Мокашов уселся на ворсистый серый диван, стоящий вдоль стены, и от нечего делать начал рассматривать помещение: шторы на окнах, подтянутые и собранные вверху оконного проёма; розовые стены с портретом Ленина и громоздкая люстра на цепях, висящая над полированным столом заседаний.
– Вам Иркин нужен? – спросил Викторов вошедшего в кабинет Вадима.
– Нам он совсем не нужен, – не задумываясь ответил Вадим.
– А для дела нужен?
– Для дела нужен.
У Вадима со всеми были отличные, приятельские отношения. Для каждого у него находилось слово, шутка или анекдот. Но когда он говорил по делу, его внимательно слушали, даже если он говорил невпопад. Бесспорно, он был – голова.
Славка тоже пользовался авторитетом. Он мог запросто входить в кабинет Викторова, и Борис Викторович внимательно выслушивал его. Он мог докладывать с занудистым видом, а мог и пошутить. Но нужной легкости в отношениях у него не было. Он легко переходил через грань, и хотя все это было по делу, у него не было таких отличных отношений, которые имел Вадим.
За столом, раздвигая стулья, рассаживались приглашенные.
– Как у тебя с квартирой? Переехал? – спросил Вадима узколицый, черноволосый человек в очках, которого встретили с почтением и усадили в центре.
– Да, – ответил ему Вадим. – Успел даже ручку от двери оторвать.
– А удобства, – спрашивал черноволосый проектант, – совмещенные?
Вадим ответил, и их отношения напоминали старую, отрепетированную игру.
– Все в сборе? – покончив с телефоном, поднял голову Викторов. Он спрашивал мягко, растягивая слова, словно после каждого слова успевал подумать, и остальные успевали подумать вместе с ним.
– Да, все, Борис Викторович, – отвечали ему. – Иркина нет.
– Иркин подойдёт… Ну, чем вы нас в этот раз пугать будете? – Викторов посмотрел на черноволосого, и тот заговорил, не вставая, быстрой скороговоркой:
– Вас, Борис Викторович, не испугаешь. Вы сами кого хочешь испугаете.

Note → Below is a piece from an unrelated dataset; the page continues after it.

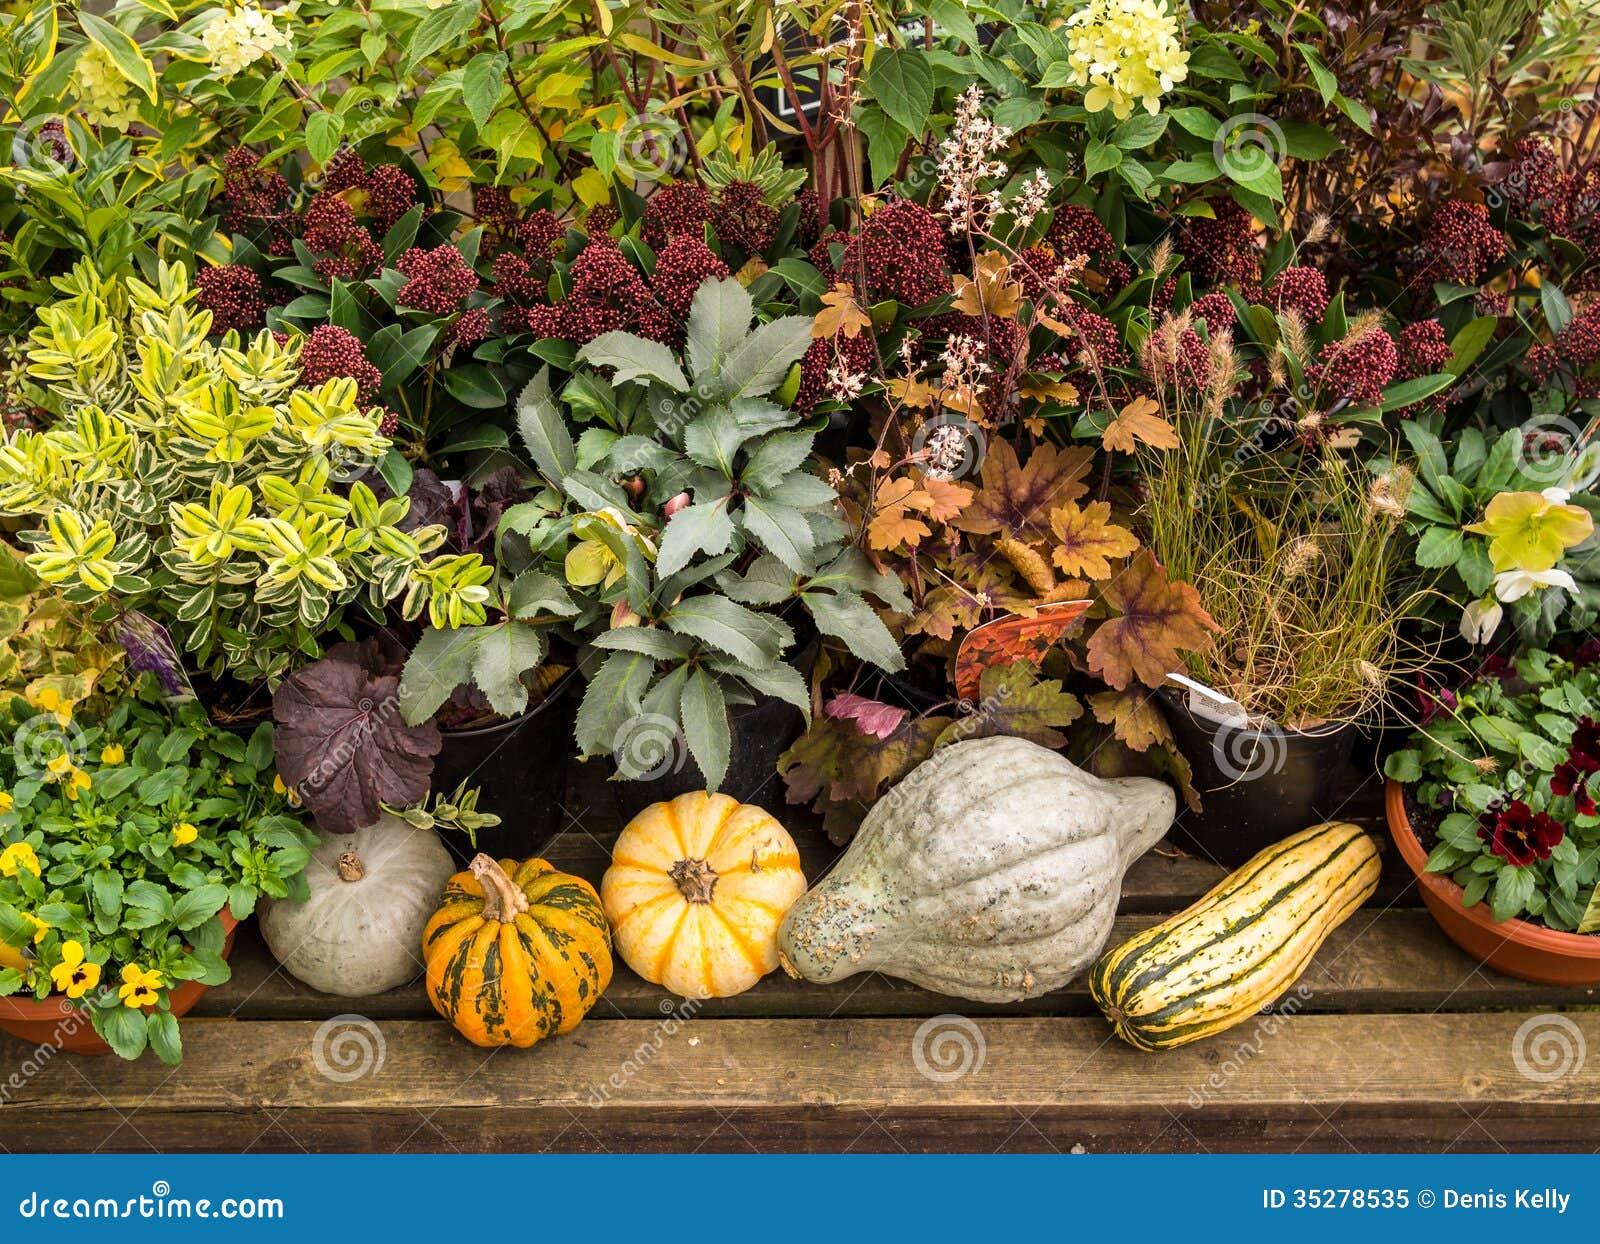 Autumn Vegetable Plants Garden Royalty Free Stock Photo Image 35278535
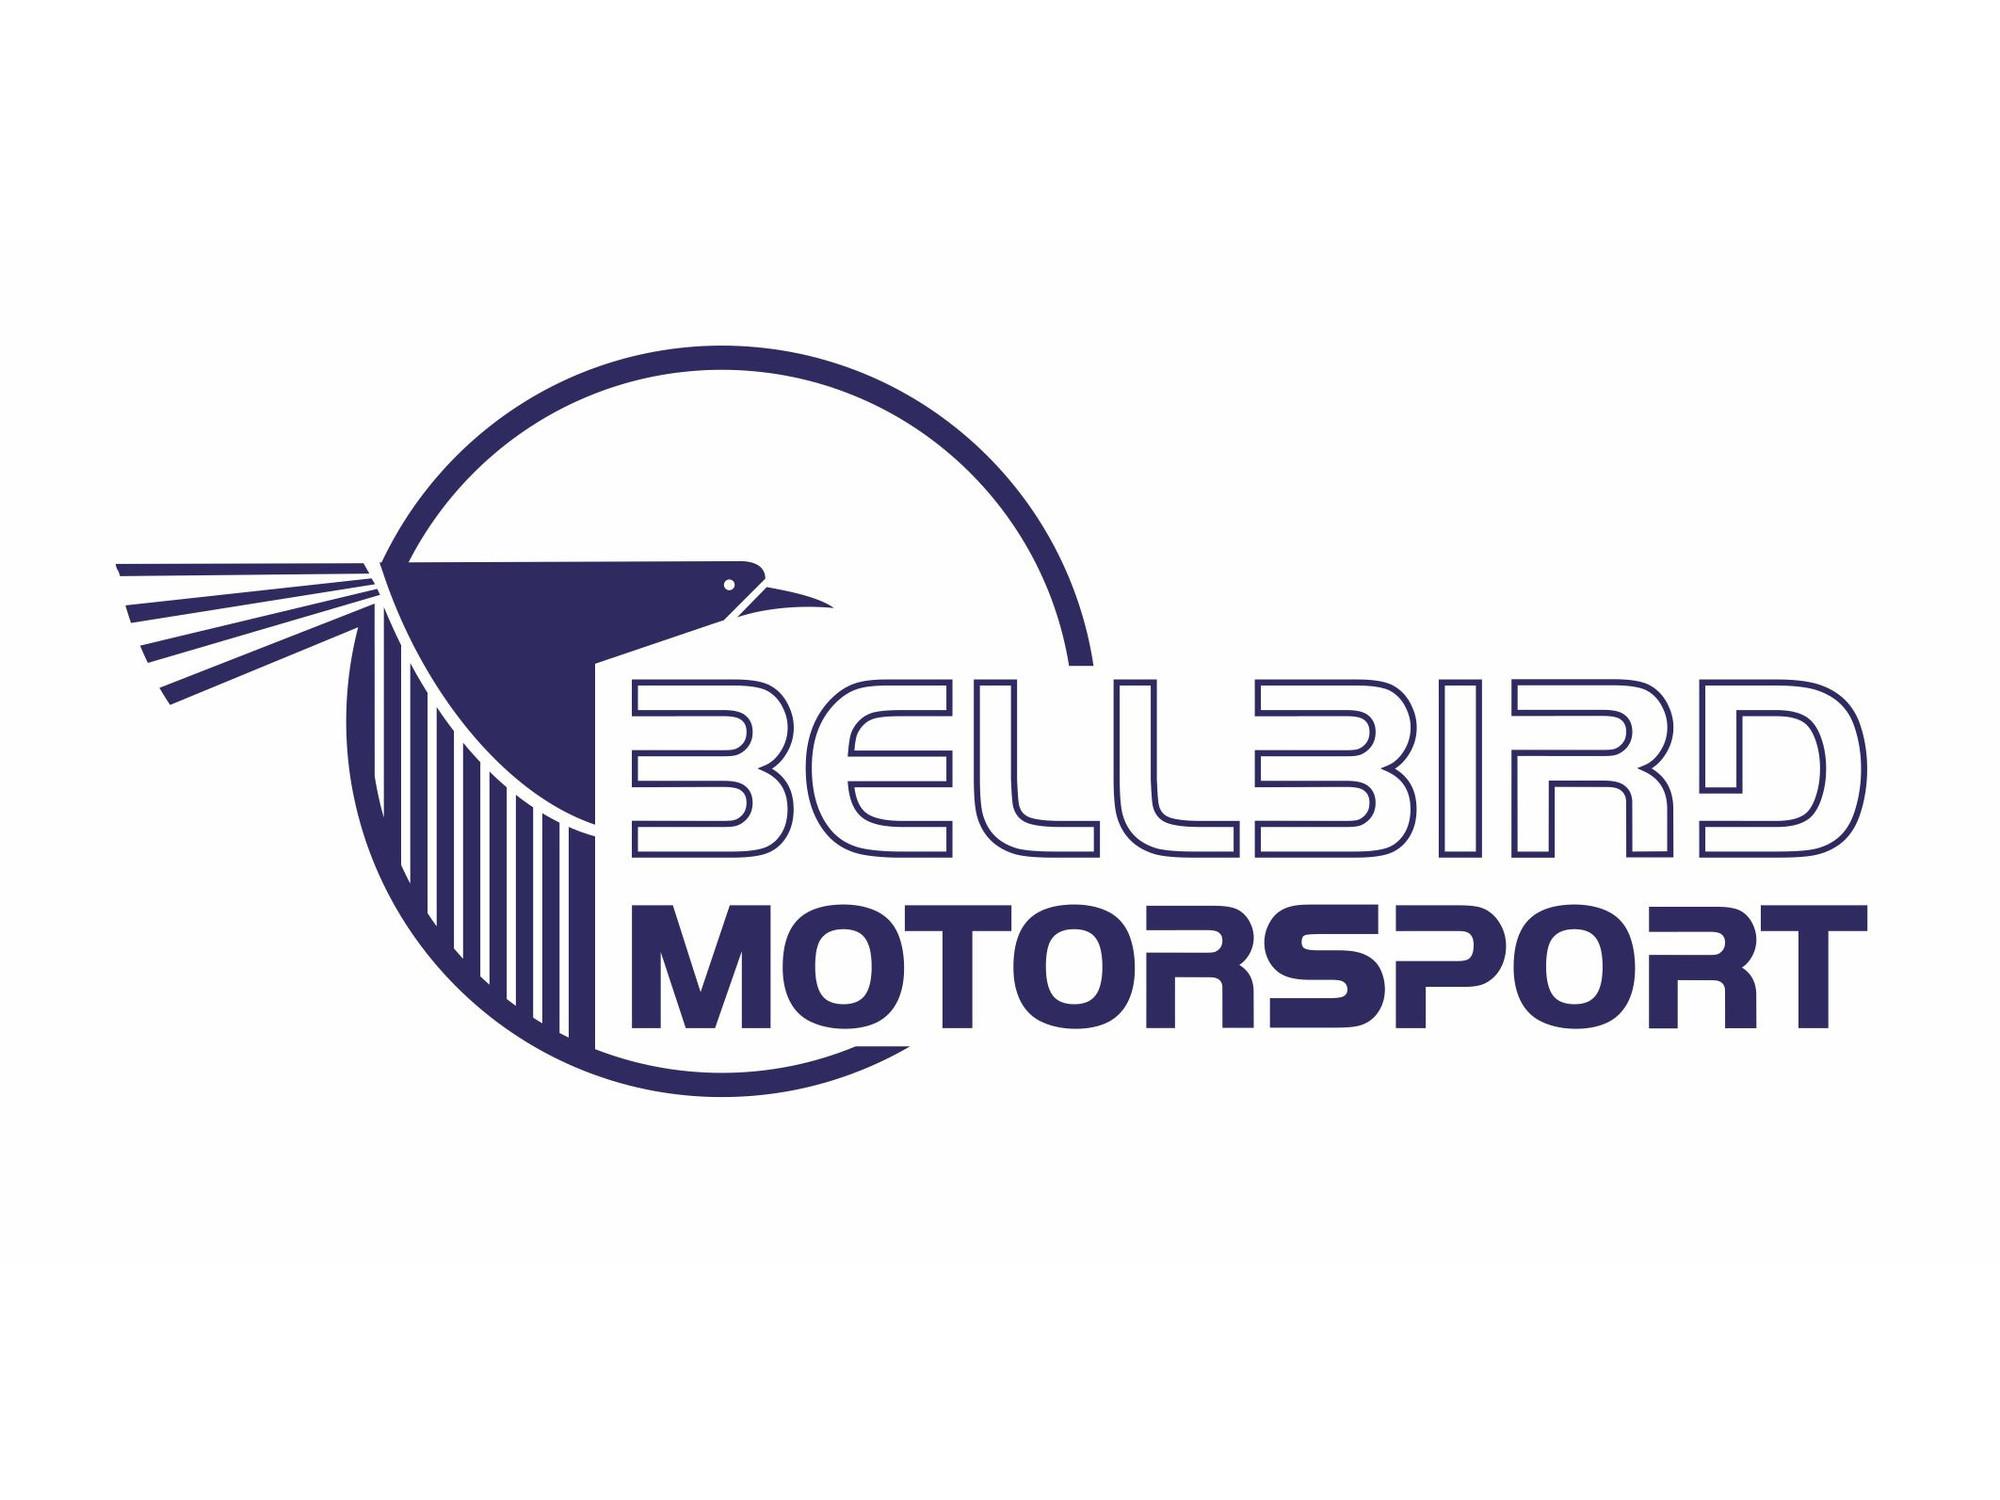 Bellbird Racing logo design by Signworks

Между тем Славка спрашивал, наклонившись, у Взорова – соседа по столу:
– Что? Опять с одними разговорами?
Что ответил тот, Мокашов не расслышал.
– Чувствую, – продолжал Славка, – в твоем портфеле отпечатанное задание. Эдак страниц на двадцать.
– Ошибся, на десять страниц, – отвечал Взоров.
– Уложились в десять?
– Куда там… тридцать.
– Мы, Борис Викторович, изложили свои мысли письменно, – торопливо, как не важную, но необходимую вводную часть, говорил черноволосый. – И хотели бы вам почитать, как самый первоначальный вариант.
– Хорошо. Давайте читать.
– Разрешите мне. Я знаком, – пояснил черноволосый и стал читать:
– Тяжелый межпланетный пилотируемый корабль предназначен для полета к планете Марс с последующей посадкой на поверхность планеты…
Мокашов слушал внимательно, однако не всё понимал. В голове лезли посторонние мысли, и он отгонял их, как надоедливых комаров.
“Интересно, у каждого – своя поза. Например, Вадим, слушая, держится за лицо. Взоров – выкинул ноги вбок от стула, Славка и оптик, оба в галстуках, костюмах с иголочки сидят ровно, поводя влево и вправо умными головами. Время от времени губы оптика кривит красивая ироническая усмешка, и он что-то шепчет Славке, а Славка ему”.
– Вопросы, – спрашивает Славка, – можно сразу или потом?
– Давайте сразу.
И разговор для Мокашова делается слишком быстрым. Каждый раз он думал, что не подготовился к разговору. Разнородность и обилие цифр пугали и, боясь ошибиться, он запаздывал с ответом. Он походил на человека, готового ответить, но его будто спрашивали на незнакомом языке, и когда он с помощью словаря уяснял себе заданный вопрос, ответ уже никого не интересовал. Он завидовал Вадиму и Славке, которые держали в памяти всё. В любой момент они могли выдать справку по опекаемой машине. И не только цифру на сегодняшний день, но и то, какой она раньше была, и почему изменения и в каком протоколе. Причем, для этого им не нужно было копаться в записях, они держали сведения в голове, и это стало стилем работы.
Мокашов уже многое понимал, но не мог отвечать так молниеносно. "И почему нужно работать именно так? – спрашивал он себя. – И почему именно этот стиль принят на вооружение, и ему нужно подстраиваться?” Быстрота, с какой схватывались и обсуждались деловые вопросы, поражала и обескураживала.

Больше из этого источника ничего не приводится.